__EXTRACTED ENTRIES__
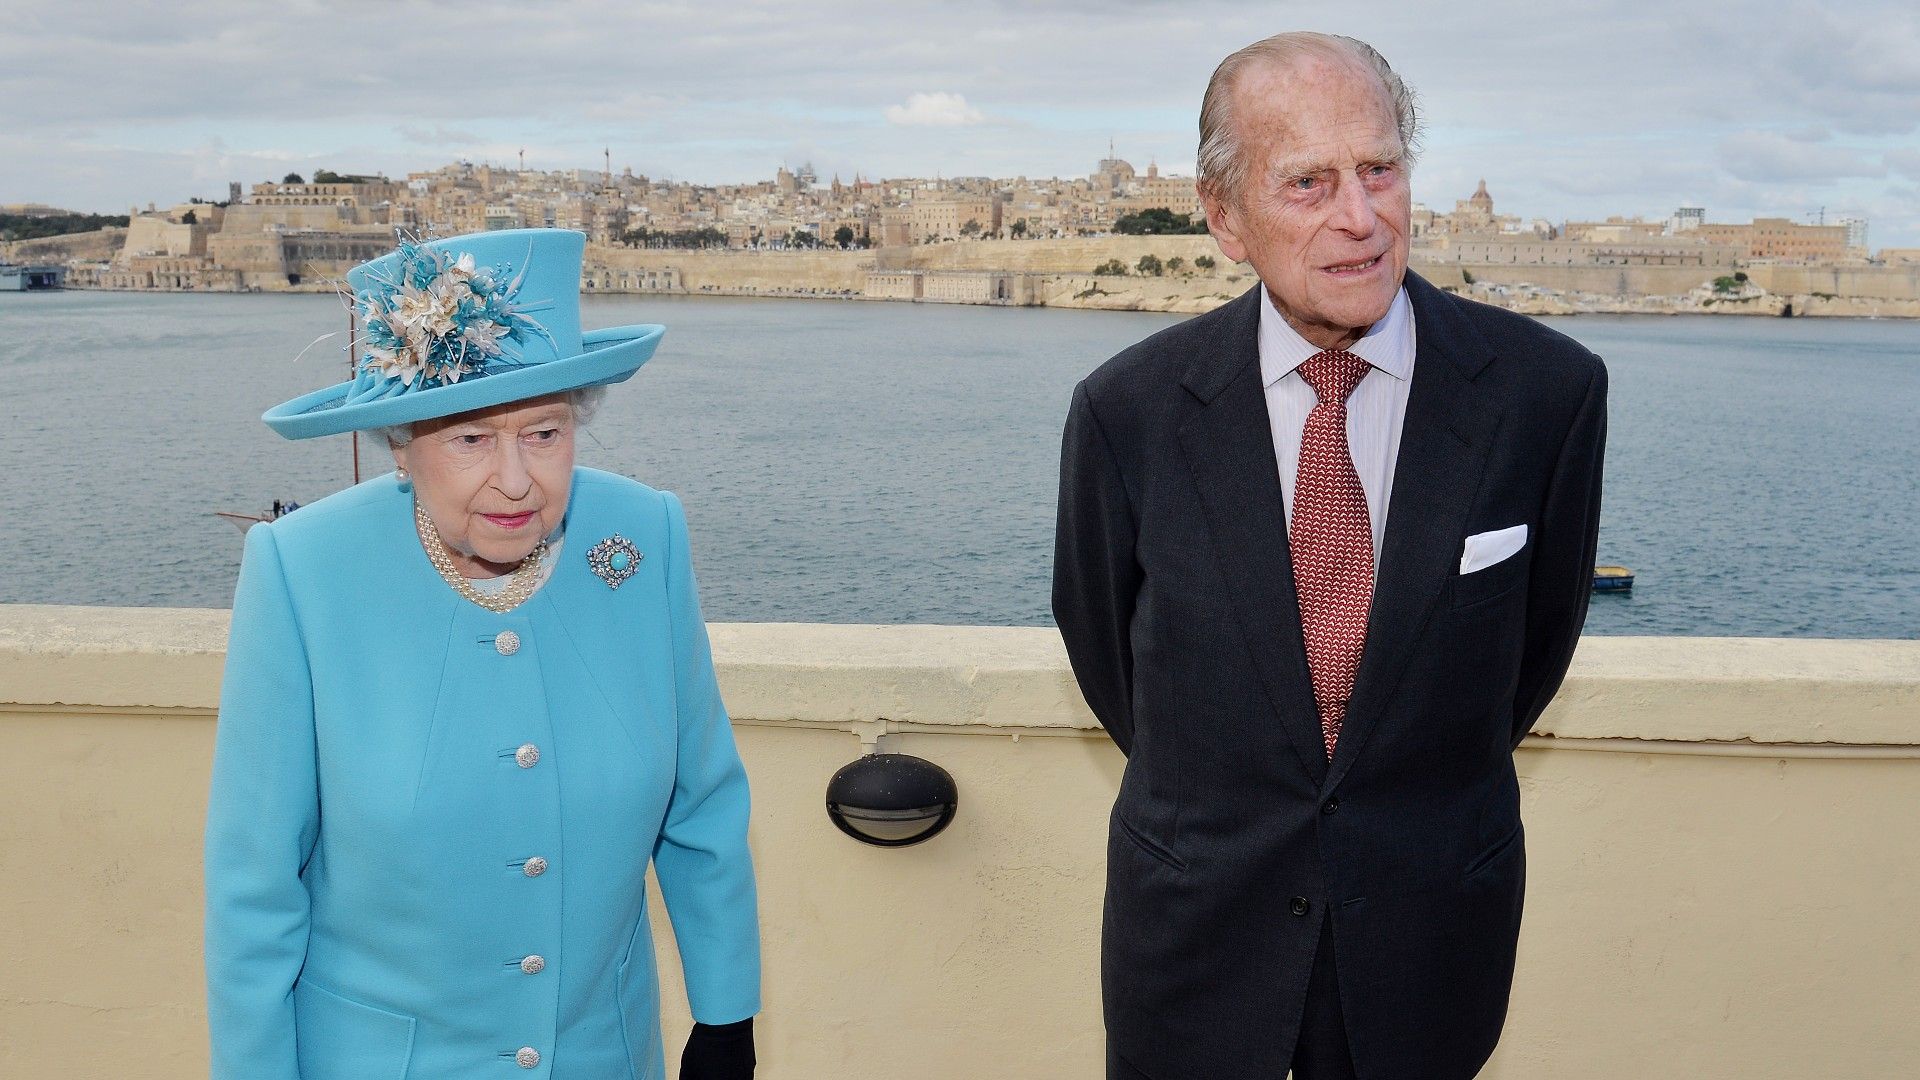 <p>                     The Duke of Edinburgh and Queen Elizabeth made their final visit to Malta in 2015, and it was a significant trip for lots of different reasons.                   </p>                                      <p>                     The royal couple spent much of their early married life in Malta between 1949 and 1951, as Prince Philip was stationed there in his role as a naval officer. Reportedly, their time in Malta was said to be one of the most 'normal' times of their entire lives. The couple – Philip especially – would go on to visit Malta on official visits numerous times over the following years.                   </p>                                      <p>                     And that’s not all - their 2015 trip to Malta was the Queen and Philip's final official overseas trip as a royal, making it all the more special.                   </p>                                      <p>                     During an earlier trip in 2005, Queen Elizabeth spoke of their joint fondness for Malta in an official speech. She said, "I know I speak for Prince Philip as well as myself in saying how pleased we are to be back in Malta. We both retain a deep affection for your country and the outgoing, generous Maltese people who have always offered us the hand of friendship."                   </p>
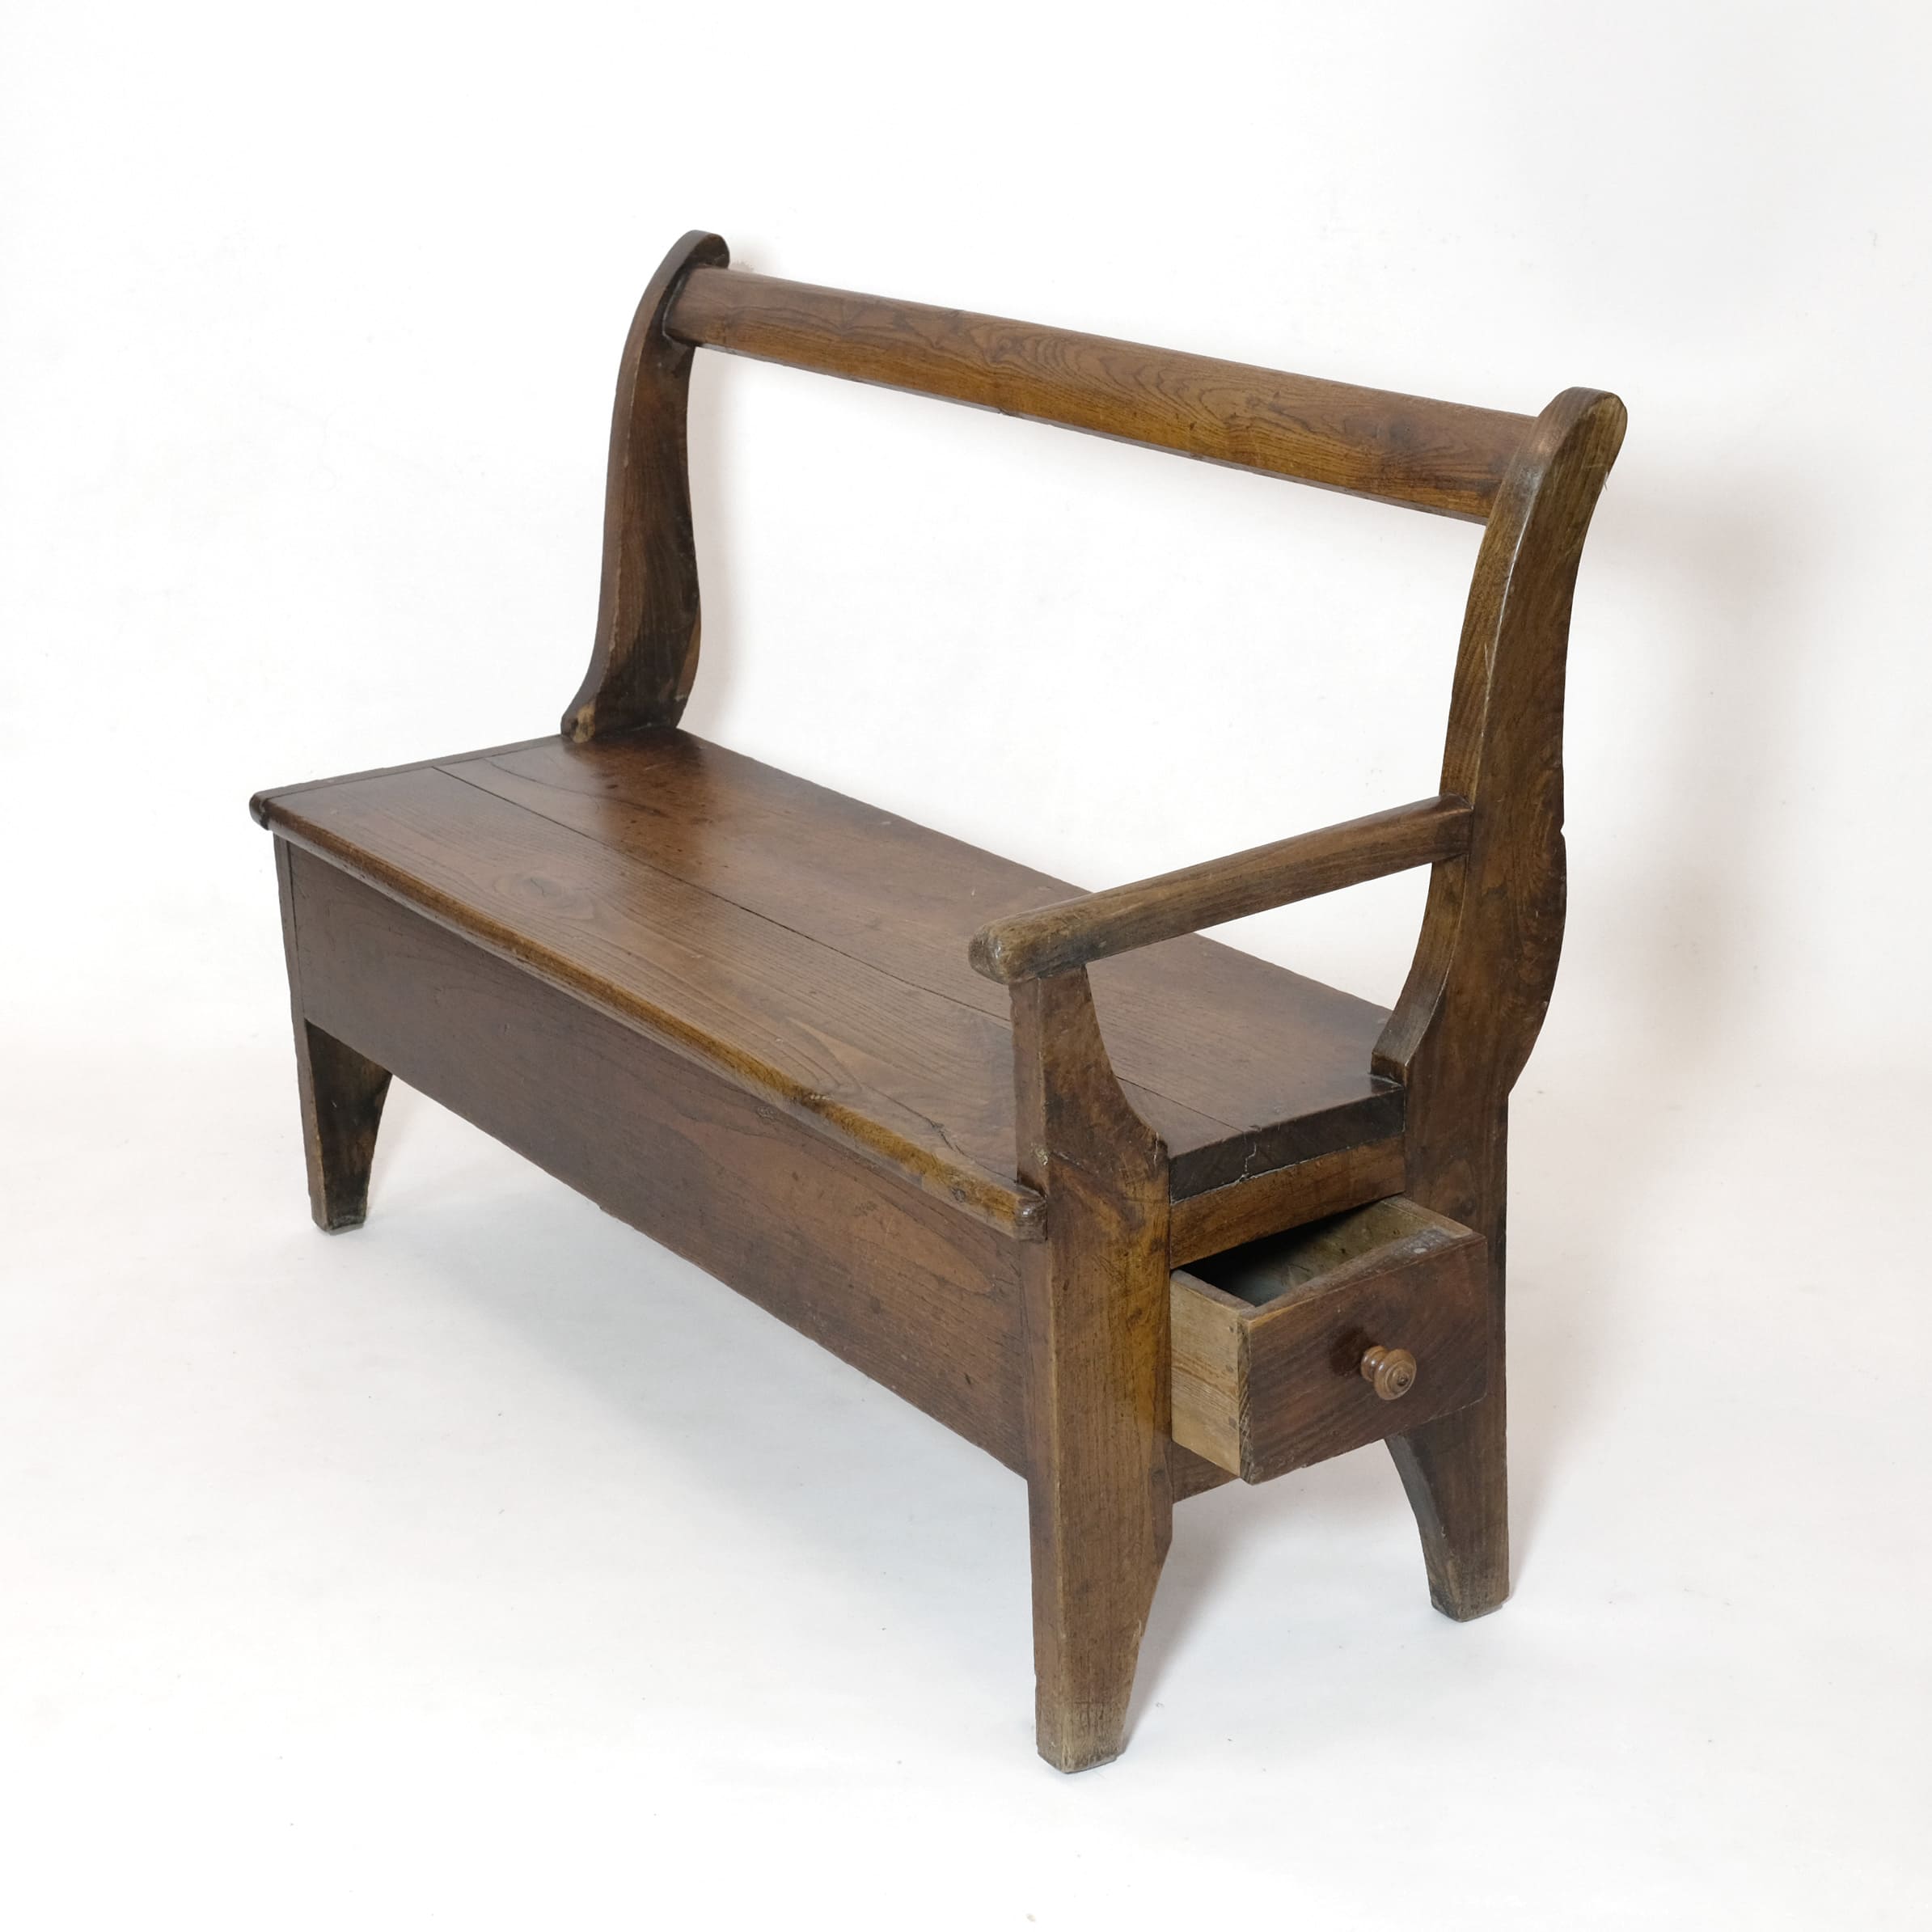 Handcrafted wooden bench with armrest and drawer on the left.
* * *
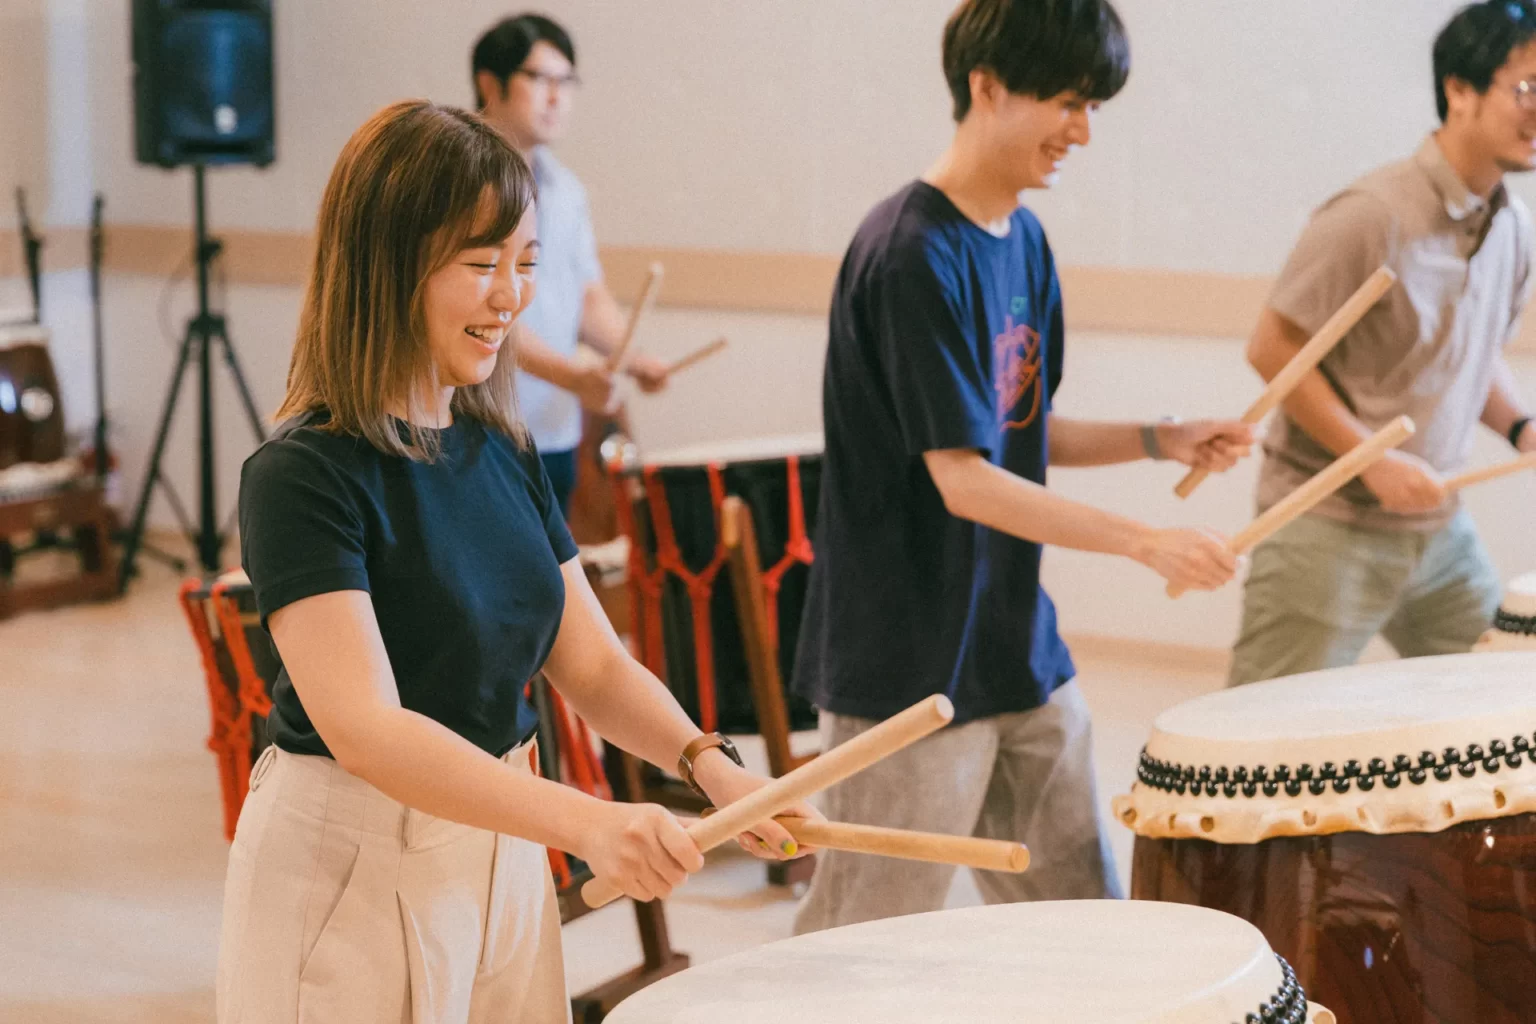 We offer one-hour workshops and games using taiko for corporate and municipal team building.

__TRY IT__
Above are the records. Copy only the lines from the one with "The Duke of" through the one with "Handcrafted wooden bench", exactly, with no pictures.

__TASK SOLUTION__
 <p>                     The Duke of Edinburgh and Queen Elizabeth made their final visit to Malta in 2015, and it was a significant trip for lots of different reasons.                   </p>                                      <p>                     The royal couple spent much of their early married life in Malta between 1949 and 1951, as Prince Philip was stationed there in his role as a naval officer. Reportedly, their time in Malta was said to be one of the most 'normal' times of their entire lives. The couple – Philip especially – would go on to visit Malta on official visits numerous times over the following years.                   </p>                                      <p>                     And that’s not all - their 2015 trip to Malta was the Queen and Philip's final official overseas trip as a royal, making it all the more special.                   </p>                                      <p>                     During an earlier trip in 2005, Queen Elizabeth spoke of their joint fondness for Malta in an official speech. She said, "I know I speak for Prince Philip as well as myself in saying how pleased we are to be back in Malta. We both retain a deep affection for your country and the outgoing, generous Maltese people who have always offered us the hand of friendship."                   </p>
 Handcrafted wooden bench with armrest and drawer on the left.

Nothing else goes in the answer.